The only thing to fear is a marketer who doesn’t ask questions.

We begin our lives with an innate and necessary curiosity. Children are prolific in their question-asking. But sometime between childhood and adulthood, the questioning gets stifled by instruction. The biggest influencers in our lives – our parents, siblings, teachers – tell us exactly how to do things. When we push back and ask why, we’re told that’s just the way it is. Eventually, we stop asking and start following. By the time we become adults and join the workforce, it’s not that we don’t have questions but rather that we no longer have the gumption to ask them. This is fear at its finest and most destructive.
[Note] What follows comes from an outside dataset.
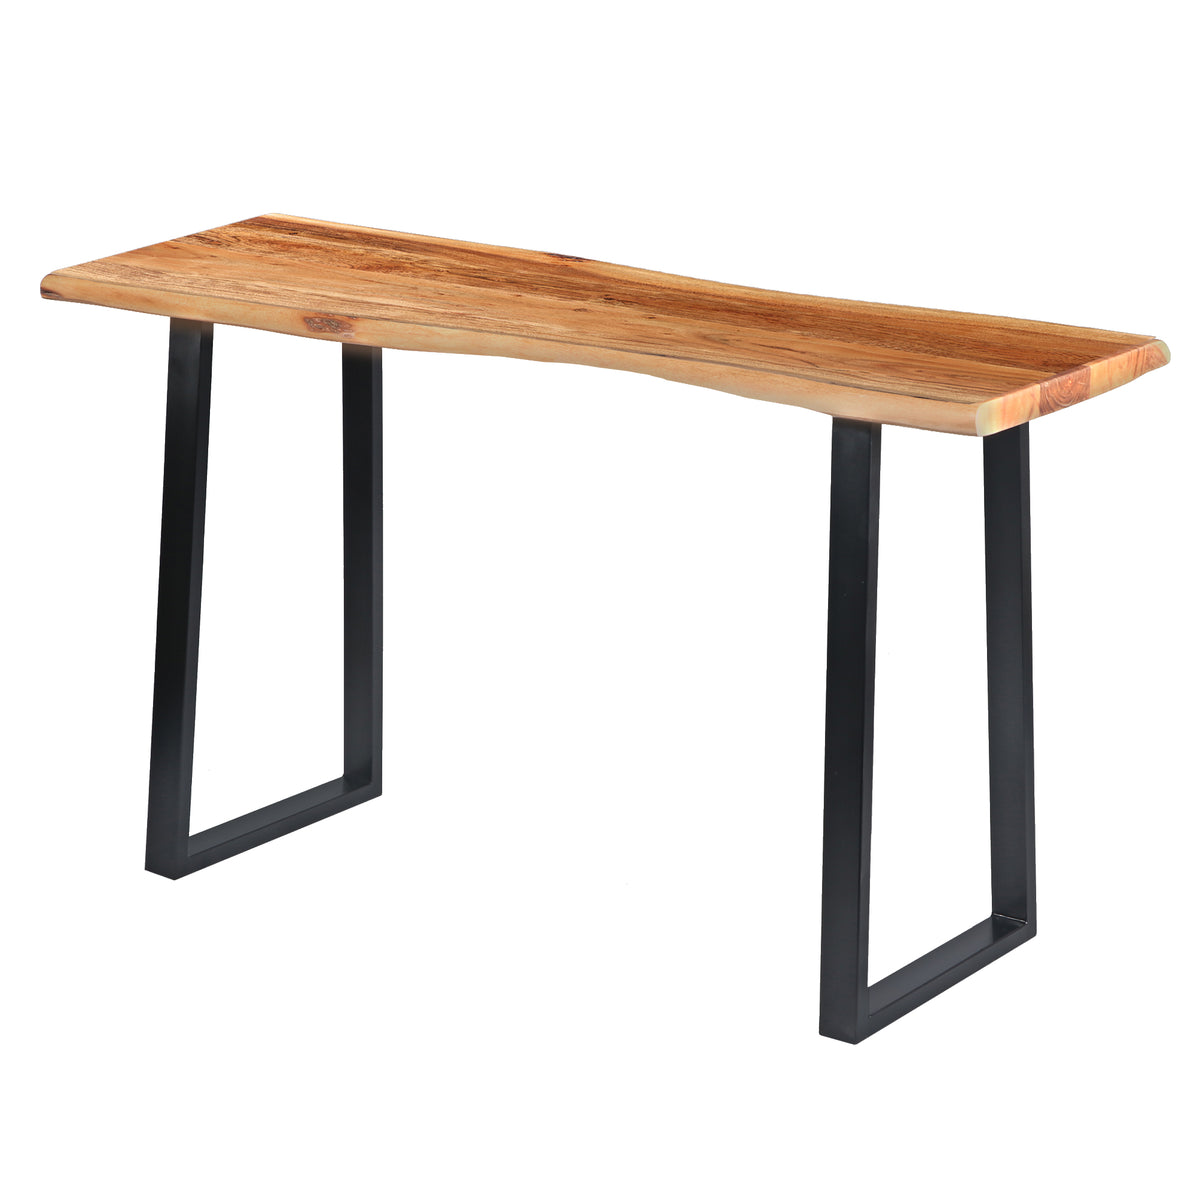 Industrial Wooden Live Edge Desk with Metal Sled Leg Support, Brown and Black ,By The Urban Port - UPT-195122

The fear of asking questions manifests in many ways:

  • Fear of revealing that you don’t know the answer yourself
  • Fear of slowing down the process
  • Fear of being perceived as not going with the flow
  • Fear of confrontation for calling out inconsistent views

Great marketers get over their fear of asking questions in general and bust out of the corporate culture that tells them they shouldn’t ask. Before setting out to tackle a problem, they pause and challenge themselves: “Are we asking the right tough questions?”

Beyond gathering information, great questions:

  • Inject energy,
  • Inspire better approaches,
  • Build rapport and trust,
  • Create clarity, and
  • Challenge assumptions.

But it’s not just about asking any old questions. It’s about asking the right questions.

While fear is the reason we don’t ask enough questions, bias is often the reason we don’t ask the right ones. So often, we’re attached to our own point of view and we focus on proving it. This usually happens with the absolute best of intentions. We think we are right and we are doing our colleagues a favour. Or, we’re saving the larger group some time by providing the answer rather than letting them find it. Or, we’ve been thinking about our point of view for so long that we have confidence – it feels right.

The right questions are business-changing questions. By definition, they suggest that change is required, that we may not be doing things right today. And that suggestion can be a political minefield.

The tough business-changing questions cut through politics, bias, and discomfort to clarify the problem, force choices, and drive action. You won’t find business-changing questions in consumer surveys or pinging off the walls in a focus group room. They don’t linger in the hallways waiting to be discovered. They’re not overheard around the water cooler.

Business-changing questions come from the marketers and leaders who truly want to change the business. They ask the right tough questions.